22.08.2006 Artikelansicht
Ausschnitt Zeitungsausschnitt
Drucken Drucken

 

»Lieber jetzt ein wenig Spott ertragen, als nachher viele Dutzend
Särge nach Hause zu führen.«

Leitartikel
Frankreichs Rückzieher

Lieber Spott
als Tod
im Libanon


Von Jürgen Liminski
Da hat der Hahn etwas sehr laut gekräht. Nach den großen Versprechungen Frankreichs im Sicherheitsrat der UNO kommt das Expeditionskorps für den Libanon mit seinen 200 Mann doch recht bescheiden daher.
Hinter vorgehaltener Hand lacht man über Paris. Und in der Tat, die Glaubwürdigkeit der französischen Weltpolitik hat arg gelitten.

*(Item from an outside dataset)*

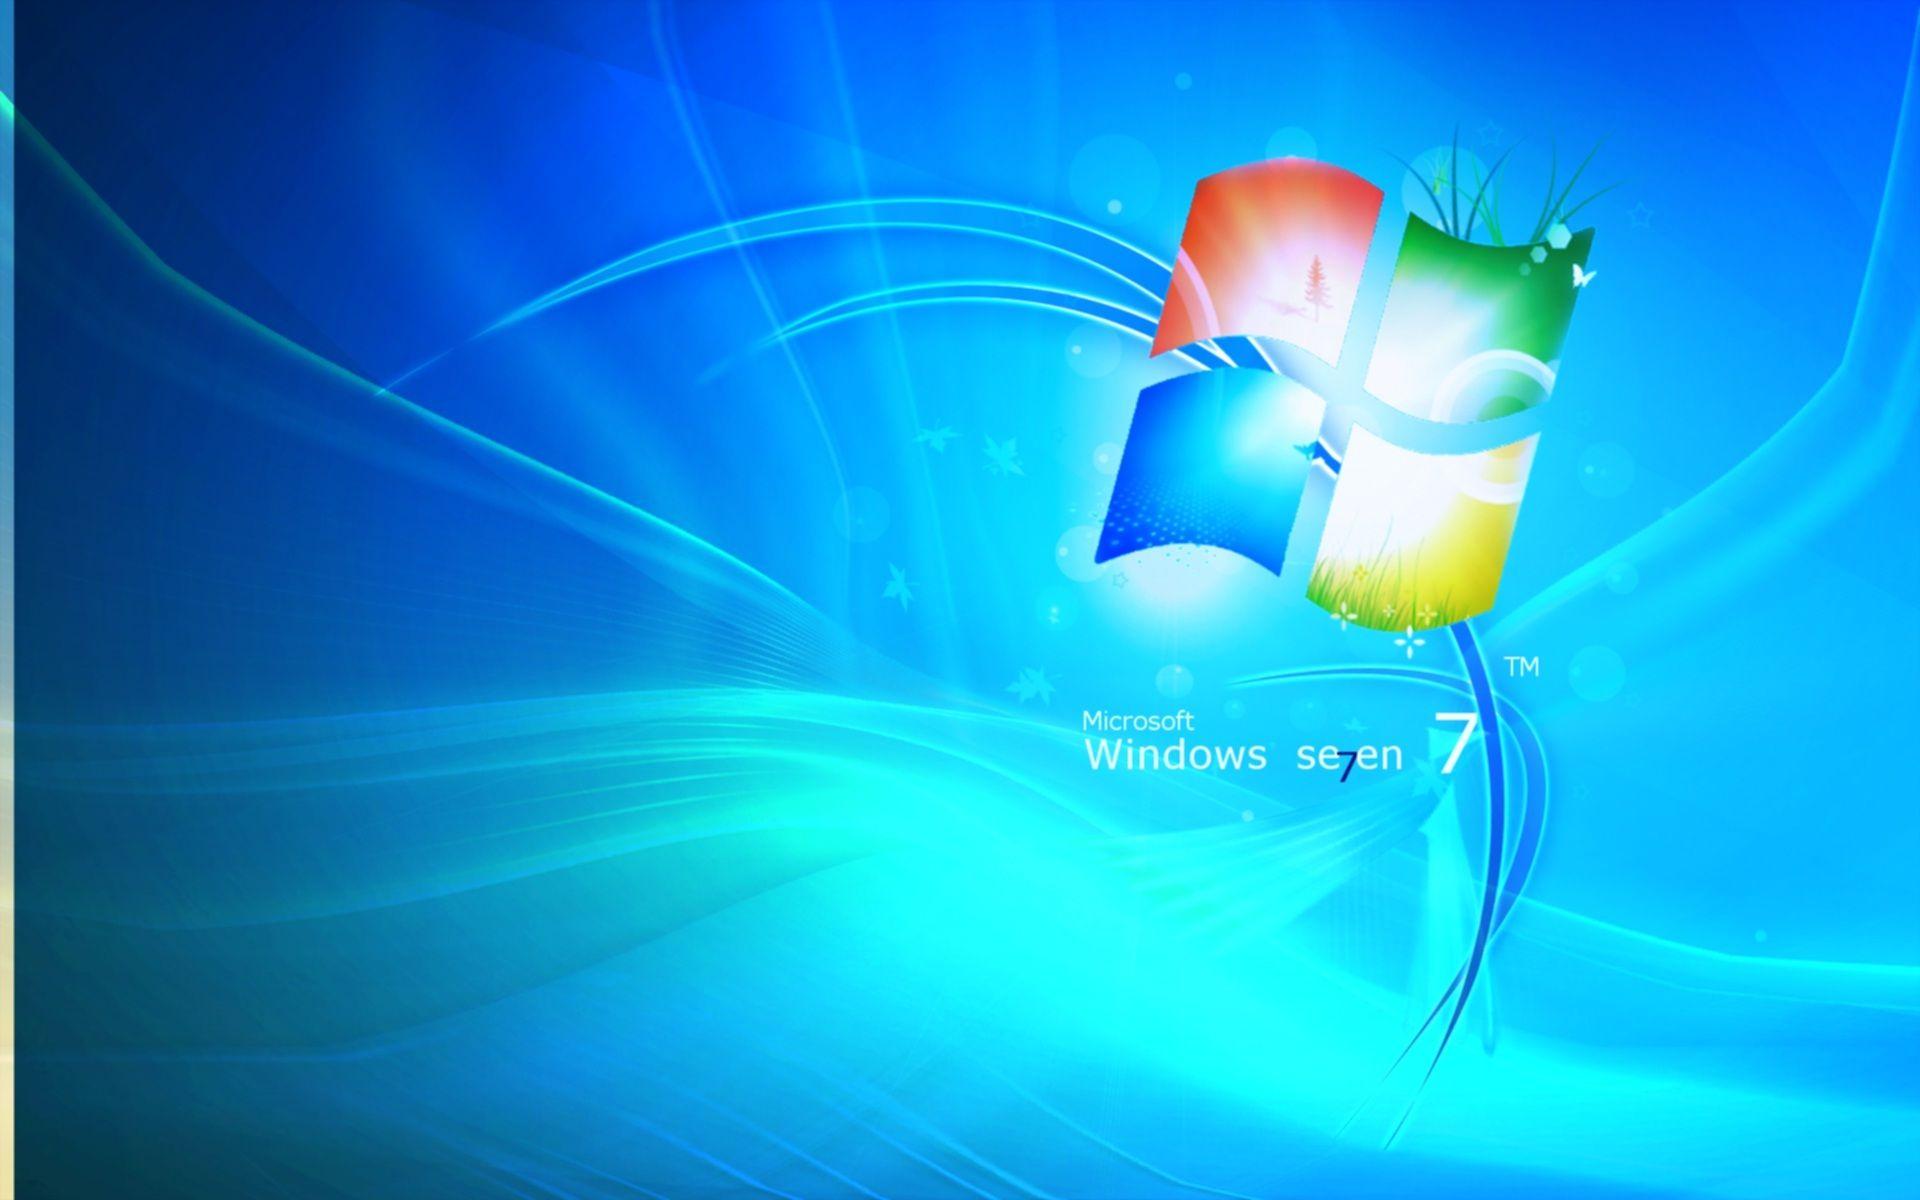 Microsoft free desktop backgrounds 19201200 microsoft desktop microsoft free desktop backgrounds 19201200 microsoft desktop backgrounds 29 wallpapers adorable voltagebd Choice Image

Man wird den gallischen Hahn demnächst krähen lassen und denken: In den aufgeblasenen Brustkästen von Chirac, de Villepin oder Douste-Blazy steckt doch nur warme Luft. Nur: Der Verlust der internationalen Glaubwürdigkeit dürfte den französischen Spitzenpolitikern durchaus bewusst gewesen sein, als sie verkünden ließen, es kämen nicht dreitausend, sondern nur zweihundert Mann in den Süden des Libanon. Warum also kneifen sie plötzlich?
Paris hat gute Gründe, und die gelten nicht nur für Franzosen, sondern für alle Europäer in der Region. Da ist zum einen die Erkenntnis, dass die Hisbollah sehr viel stärker ist, als man gemeinhin annahm. Die Islamisten-Miliz hat einen ganzen Monat lang einer der stärksten Armeen der Welt standgehalten. Sie ist gut ausgerüstet, ihre Raketen werden zum Teil elektronisch gesteuert, wie der Einschlag auf dem israelischen Kriegsschiff vor der Küste zeigte - übrigens auch eine Lektion für die deutsche Marine. Die modernen Waffen und Raketen kommen aus Syrien und vor allem aus dem Iran.
Dieser Krieg hat bewiesen: Die Hisbollah ist der militärische Arm der iranischen Mullahs in Nahost. Und dieser Arm ist kampfbereit.
Da ist zum zweiten der Blick in die Zukunft. Er hat mit der ersten Lektion zu tun. Sollte die Atomkrise mit dem Iran eskalieren, dann stünden europäische Soldaten im Libanon in der Gefahr, zu Geiseln zu werden. Jeder fremde Soldat in Hisbollah-Land ist ein Stück Erpressungspotential. Und sollten die Kampfhandlungen mit Israel wieder ausbrechen, dann würden diese Truppen automatisch zu »menschlichen Schutzschilden« für die Islamisten, so wie es bei den vergangenen Kämpfen auch der Fall war. Den Europäern ist noch gut die Botschaft des kanadischen Blauhelms im Gedächtnis, der seinen Vorgesetzten per Mail darüber unterrichtete, dass die Hisbollah den UN-Stützpunkt als Schutzschild gebrauchten. Stunden später war er tot.
Eine Bombe unterscheidet nicht zwischen Friedenstruppe und Terroristen. Die Hisbollah würde den Schutz eines französischen Stützpunkts erst recht suchen, weil die israelische Armee wegen der politischen Folgen doch mehr Hemmungen haben könnte, auf solch einen Stützpunkt zu schießen. Ob diese Hemmung besteht, das will Frankreich lieber nicht testen. Und schon gar nicht will man in der Region stationiert sein, wenn Israel und/oder USA einen Angriff gegen iranische Atomanlagen starten. Dann wäre die Lage für europäische Truppen unhaltbar. Also lieber jetzt ein wenig Spott ertragen als nachher viele Dutzend Särge nach Hause zu führen.